А вот Лене надо и здесь отдать должное: она еще и за отцом поспевала смотреть. Никогда ей не было в тягость пришить свекру пуговицу, простирнуть и отгладить рубашку, вовремя ужин подать. Впрочем, тут, вероятно, дело еще и просто в самом характере, в какой-то постоянной готовности заботиться о других. Лена по складу своему вообще женщина глубоко семейная, и эту черту ее он оценивал вполне по достоинству.
Он даже и то ценил в ней, что с другими женщинами ему, пожалуй, никогда не бывало лучше, чем с Леной. Рослая, пышнотелая, с сохранившейся до этих лет тонкой талией, с привычной ему удобностью всего в ней, каждого изгиба тела, с безошибочной понятливостью, что же именно каждому из них от другого надо, чтобы им было хорошо вдвоем в эти близкие минуты, Лена, как всегда потом оказывалось, гораздо более, чем другие женщины, помогала ему самоутверждаться в мнении, что он далеко не стар пока, и чувство благодарности к ней за это, особенно острое после какой-нибудь долгой разлуки, делало его на время терпимым и почти благодушным в отношениях с женой, позволяло во всяком случае не доводить их непонимание до очередной ссоры. Так что жили они с женой не только терпимо, но и вполне благополучно, что в браке, как считал Андрей Михайлович, вероятно, и называют счастьем.

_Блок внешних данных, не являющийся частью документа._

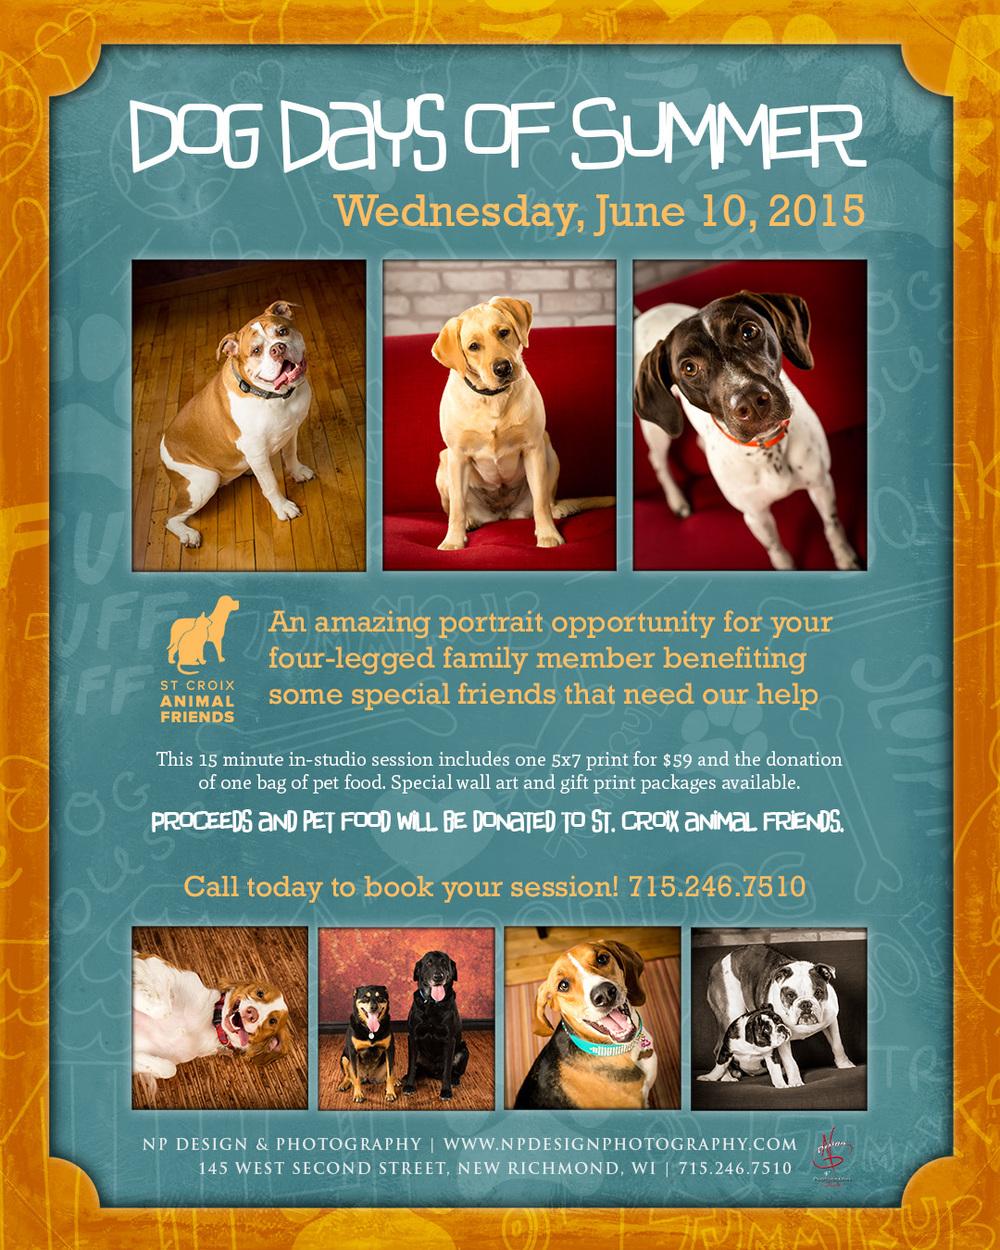 DogDaysofSummer2015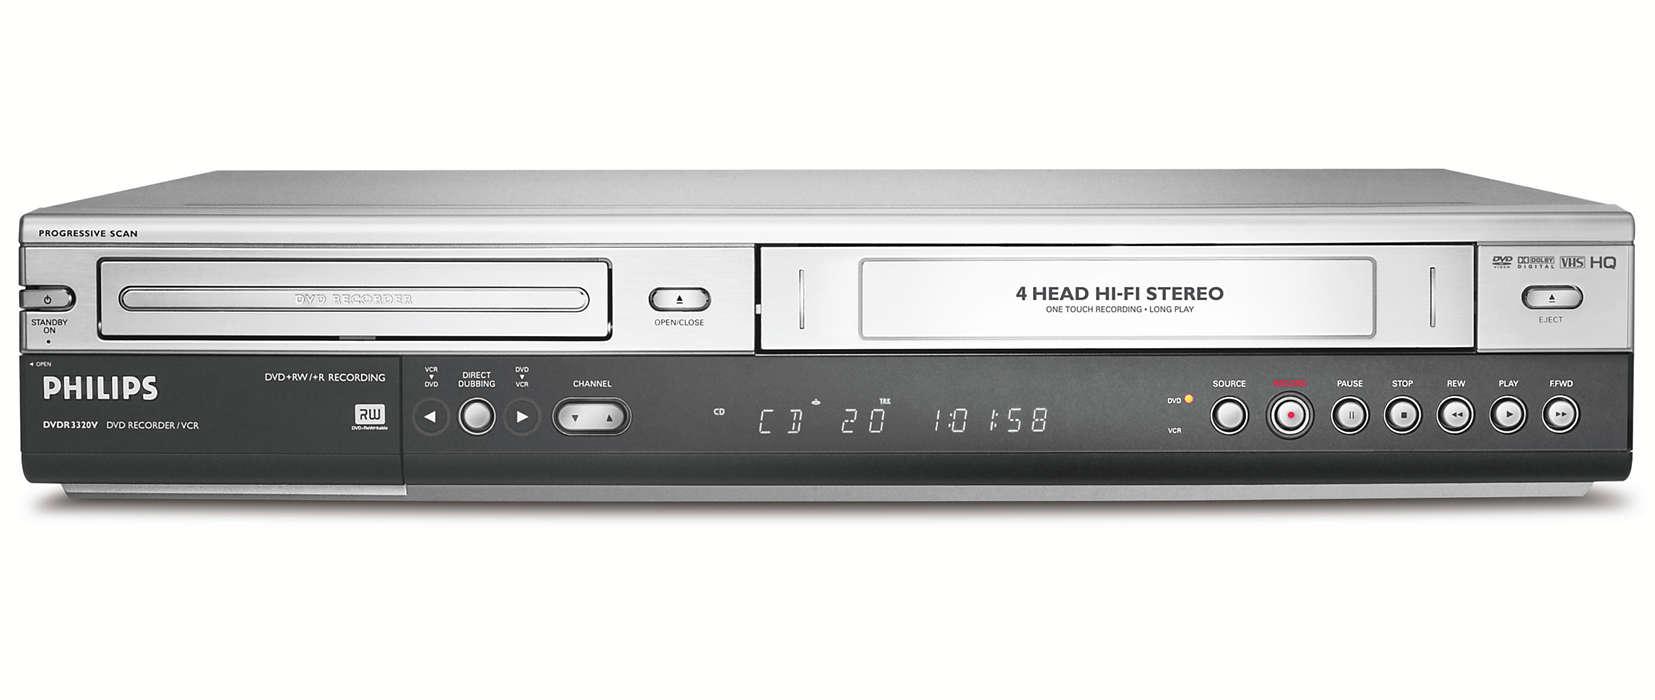 Őrizze meg VHS felvételeit DVD-n

И с детьми тоже все сложилось спокойно. Правда, дочь бывала груба с бабушкой и матерью, но хлопот особых не доставляла, всегда хорошо училась, он толком и не знал никогда, где ее школа находится, как и сейчас лишь приблизительно представлял себе, где ее институт. Поступила она туда без всяких репетиторов, как у многих нынче водится, и без каких-либо протекций и знакомств. А шестилетний сын вообще только радовал их своим послушанием и добротой – может быть, даже чрезмерными. Был он не по годам серьезен, и в детском саду воспитательницы ласково называли его «наш профессор».
На кафедре все, без исключения, относились к Андрею Михайловичу не просто лояльно, но, как он видел, с искренним уважением, а сестры и нянечки чуть ли не благоговели перед ним. Однако Каретников не полагался на одни лишь симпатии к нему его сотрудников. Он заботился о том, чтобы работа приносила каждому из них еще и какое-то личное удовлетворение. Чувства чувствами, но, даже идеальные, они должны подкрепляться и чем-то более реальным – публикацией в журнале, перспективой роста, ученой степенью.
Ведь как было при покойном шефе? По пять-шесть лет – почти ни одной защиты! Об этом при Александре Ивановиче и заикаться стеснялись. Перед ним полагалось чистосердечно понимать, что служат все они не себе, а исключительно больным и науке, что диссертация неизбежно потом сама приходит, олицетворяя, так сказать, конечное торжество справедливости. И в коллективе, пока все они были вместе, считать так было им вроде бы нетрудно. Так это и понималось ими, совсем как будто непритворно – что ж, в самом деле, перед собой-то прикидываться?! – но стоило им оказаться по отдельности или просто один перед другим в отсутствие шефа, как тут же, немедленно, без каких бы то ни было угрызений совести приходило ясное понимание, что какой же нынче ты ученый, если без степени, кто это тебя воспримет всерьез, да ведь и очень ощутима эта надбавка, которую дает диссертация.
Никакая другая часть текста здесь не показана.